EDITGENE recommends this model for researchers investigating glutamine transport biology, cancer cell metabolism, and System N transporter functions.
Is this SLC38A5 Knockout HCT 116 Cell Line compatible with overexpression rescue experiments?
Yes. SNAT5 rescue experiments require attention to pH-dependence and sodium coupling:
• Construct design: use a codon-modified SLC38A5 sequence with a small C-terminal tag (FLAG, HA).

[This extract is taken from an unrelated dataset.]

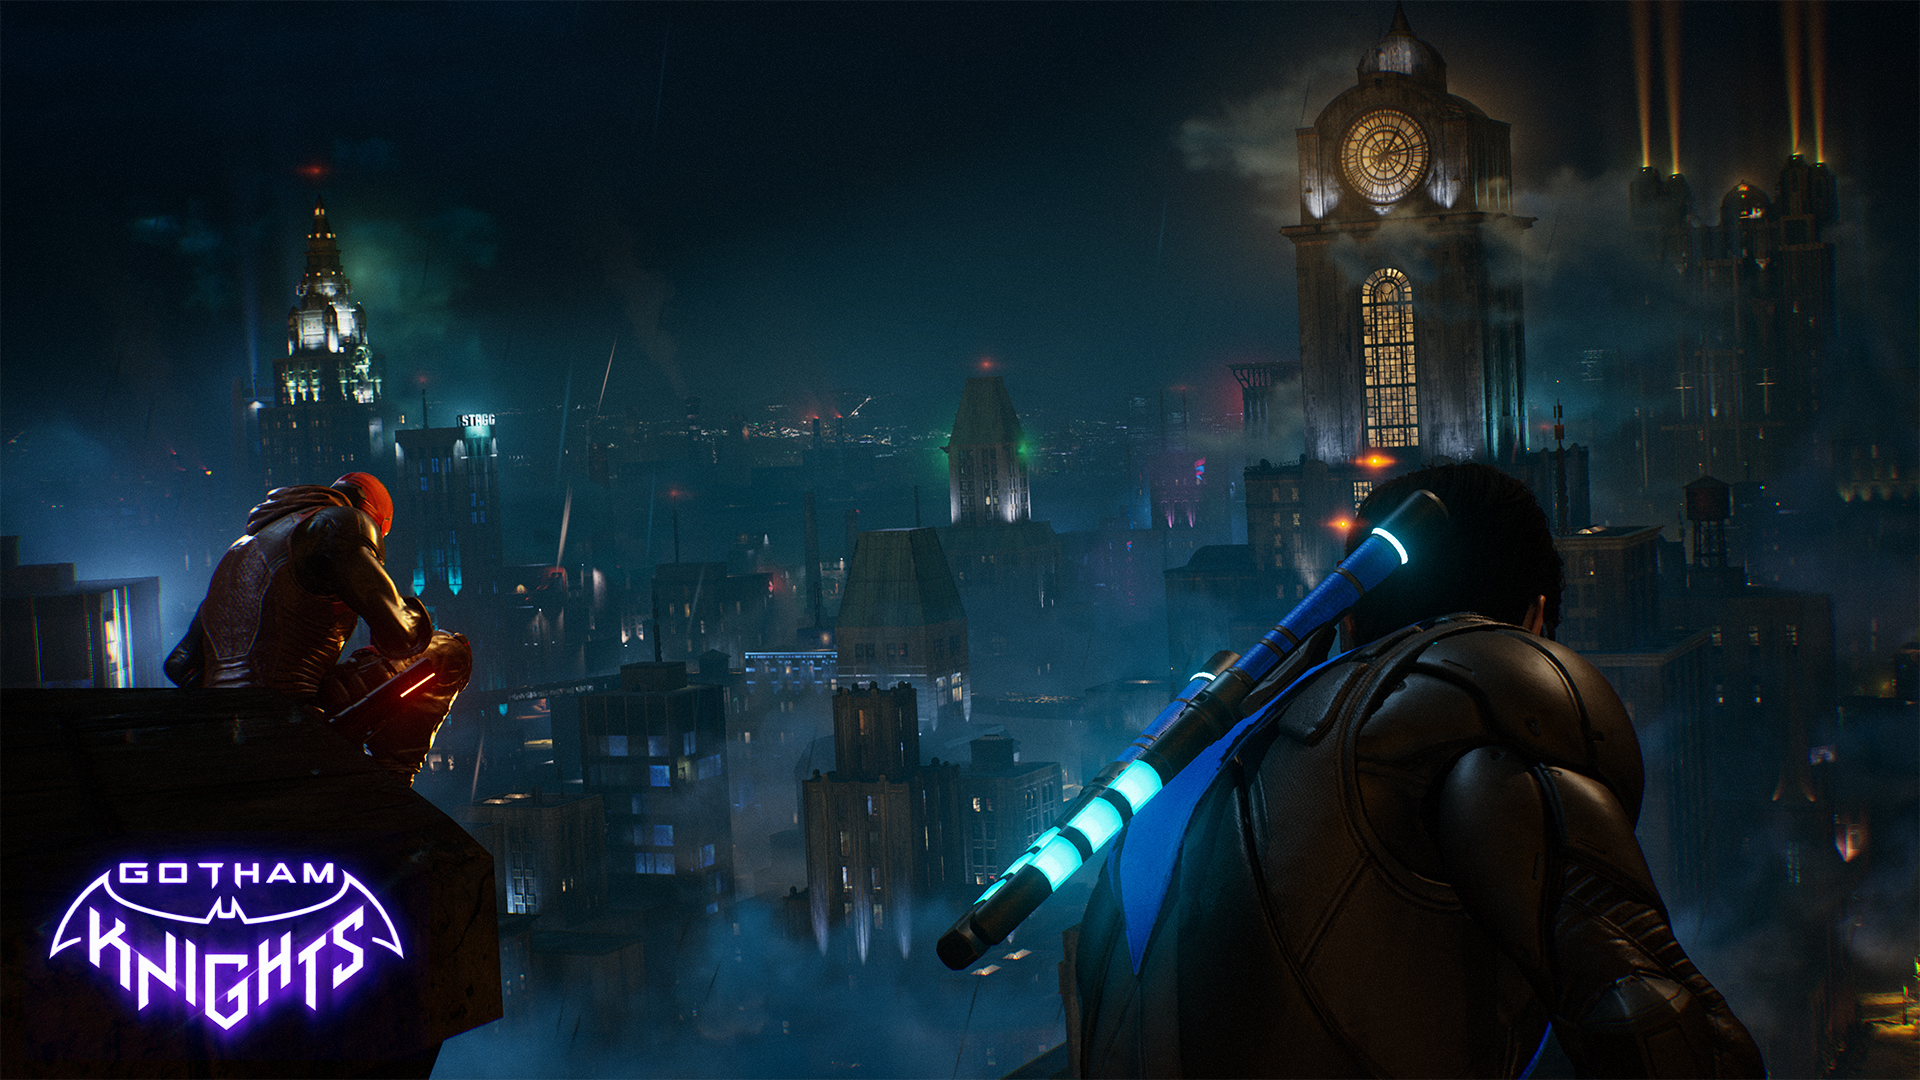 WB Games - Gotham Knights & Hogwarts Legacy 2022 Confirmed After All

The 11 transmembrane SLC38 architecture must be preserved.
• Transport-deficient rescue: substrate-binding pocket or sodium-binding residue mutations enable structure-function studies.
• pH-dependent activity studies: SNAT5 transport is pH-sensitive; rescue lines should be characterized under defined pH conditions for consistent functional readouts.

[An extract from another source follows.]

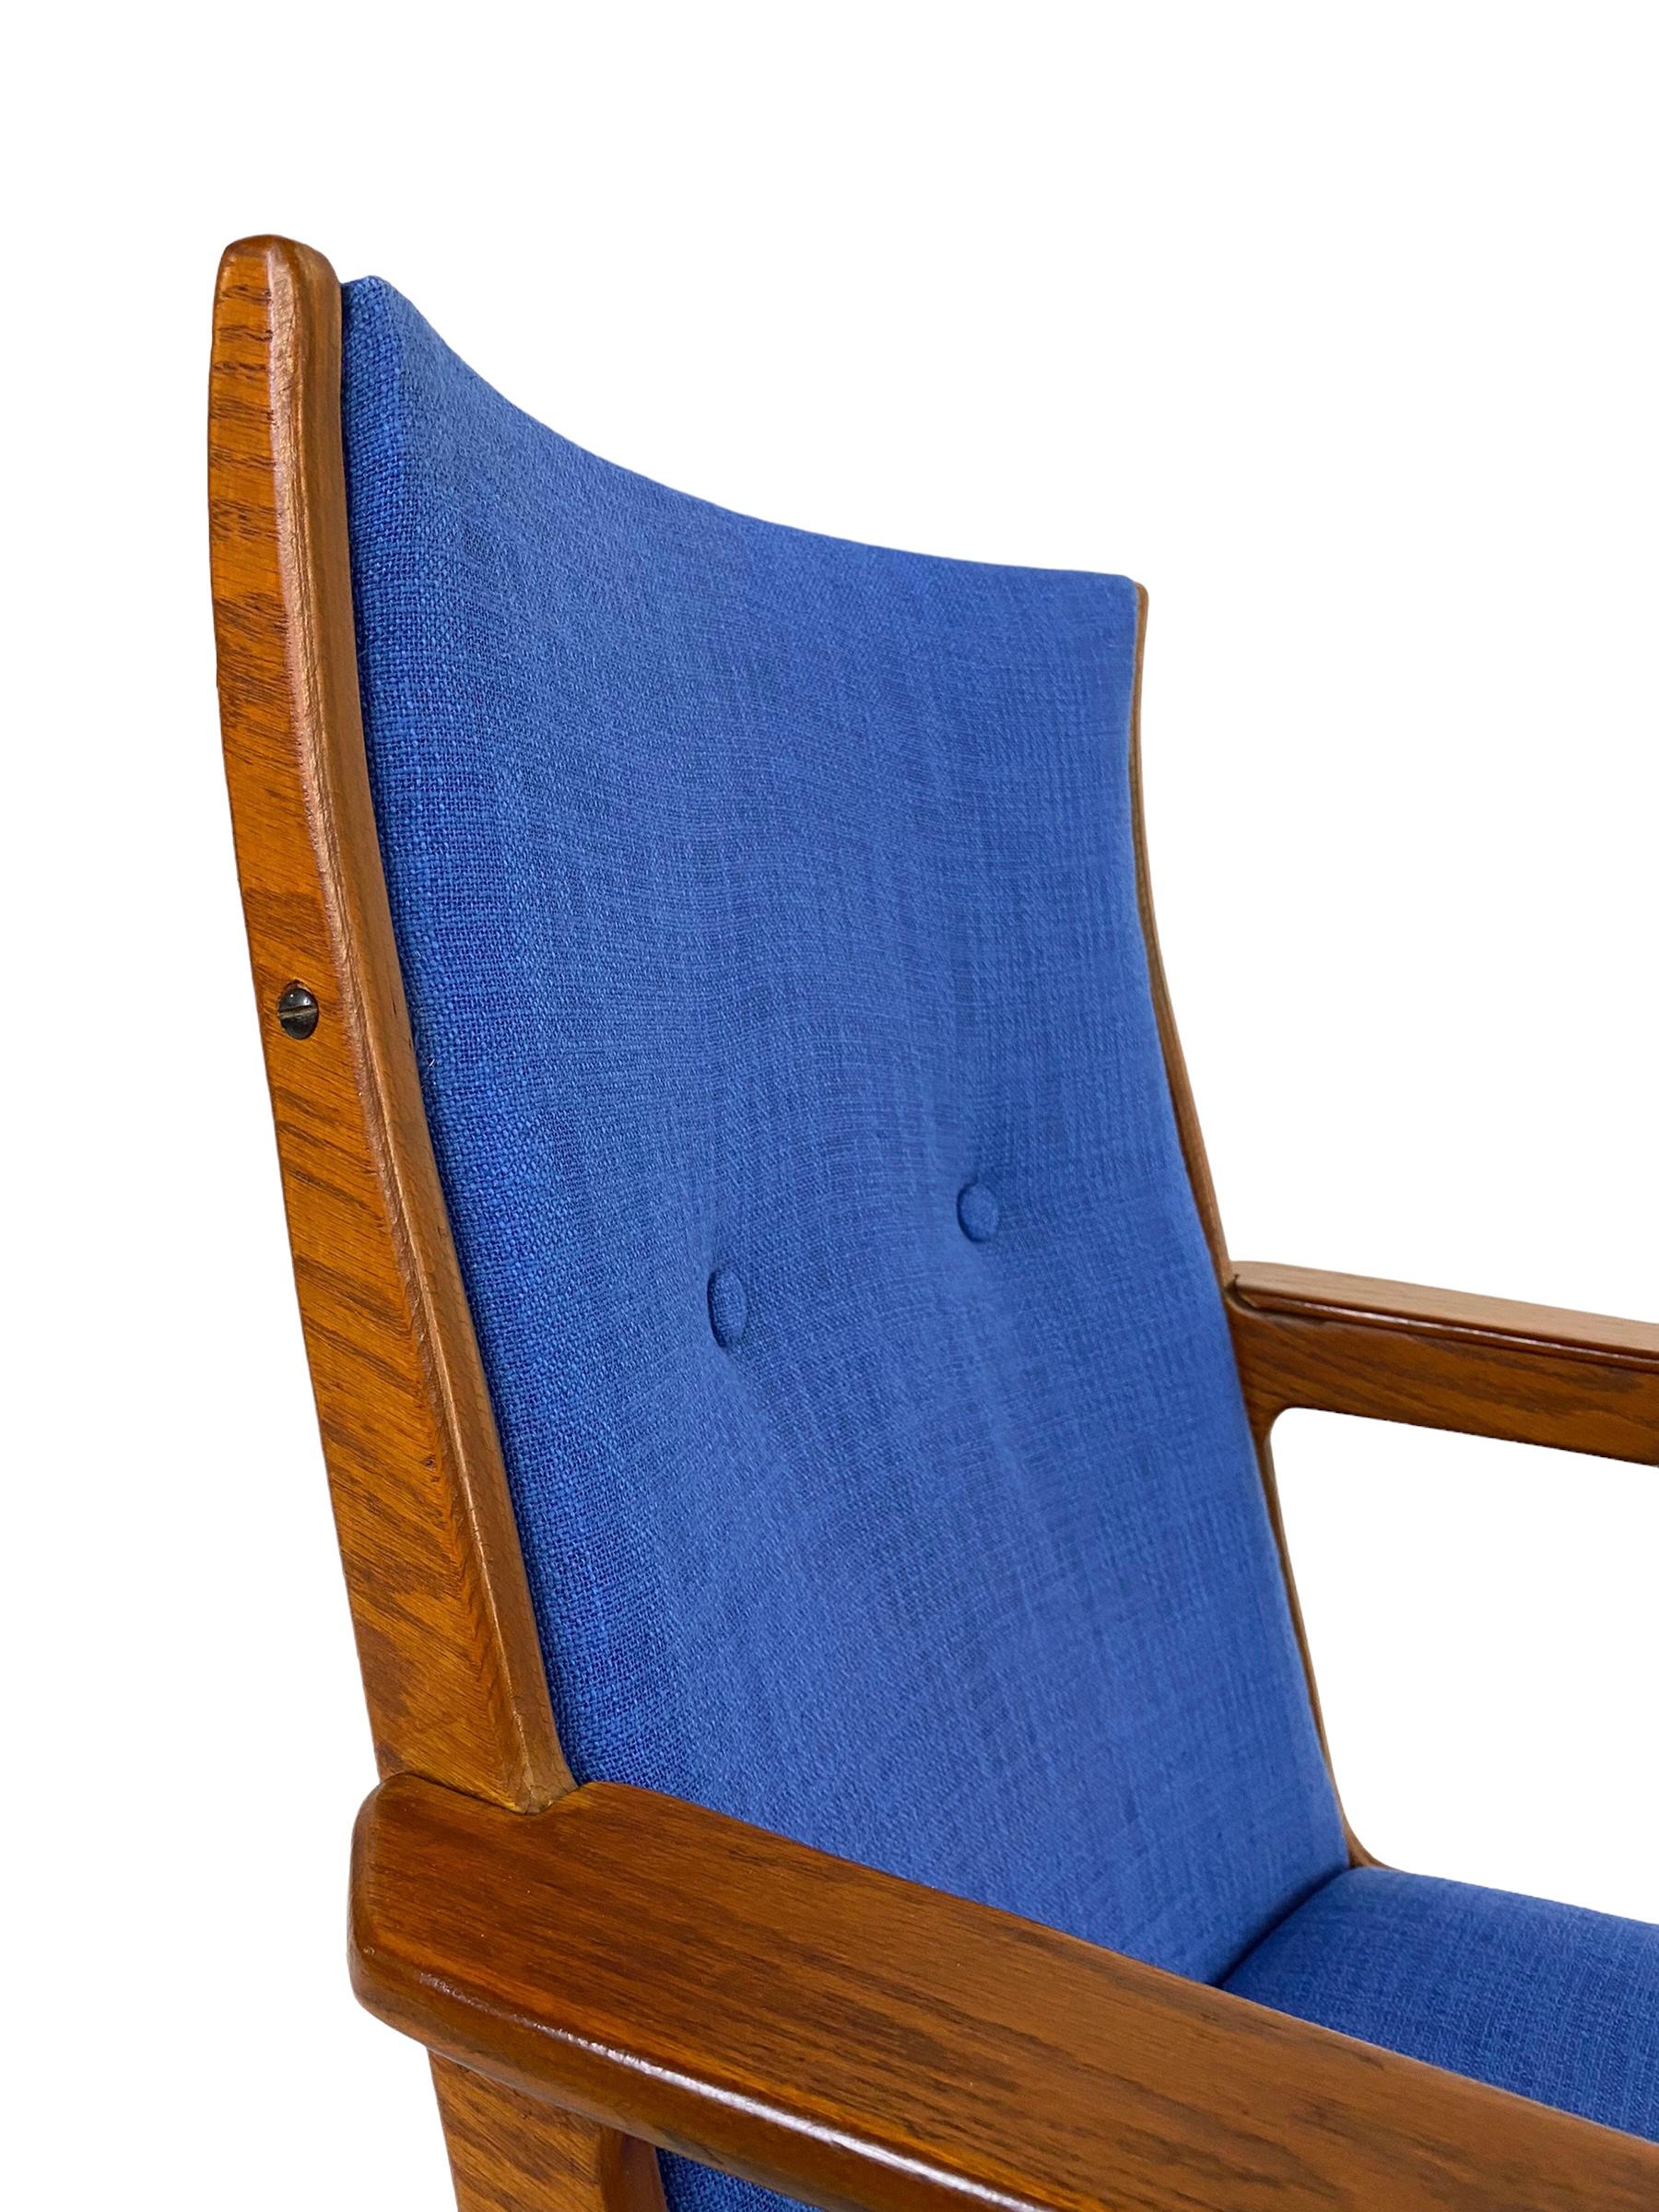 Danish Modern Rocking Chair Attributed to Georg Jensen For Sale 2

• Functional readout: rescue should restore sodium-dependent glutamine and asparagine uptake measured by radiolabel or LC-MS.
HCT 116 transduces efficiently with lentivirus and supports stable rescue line generation.
* Research Use Disclaimer: Content is generated from publicly available research data, bioinformatic resources, and computational analyses for research reference only.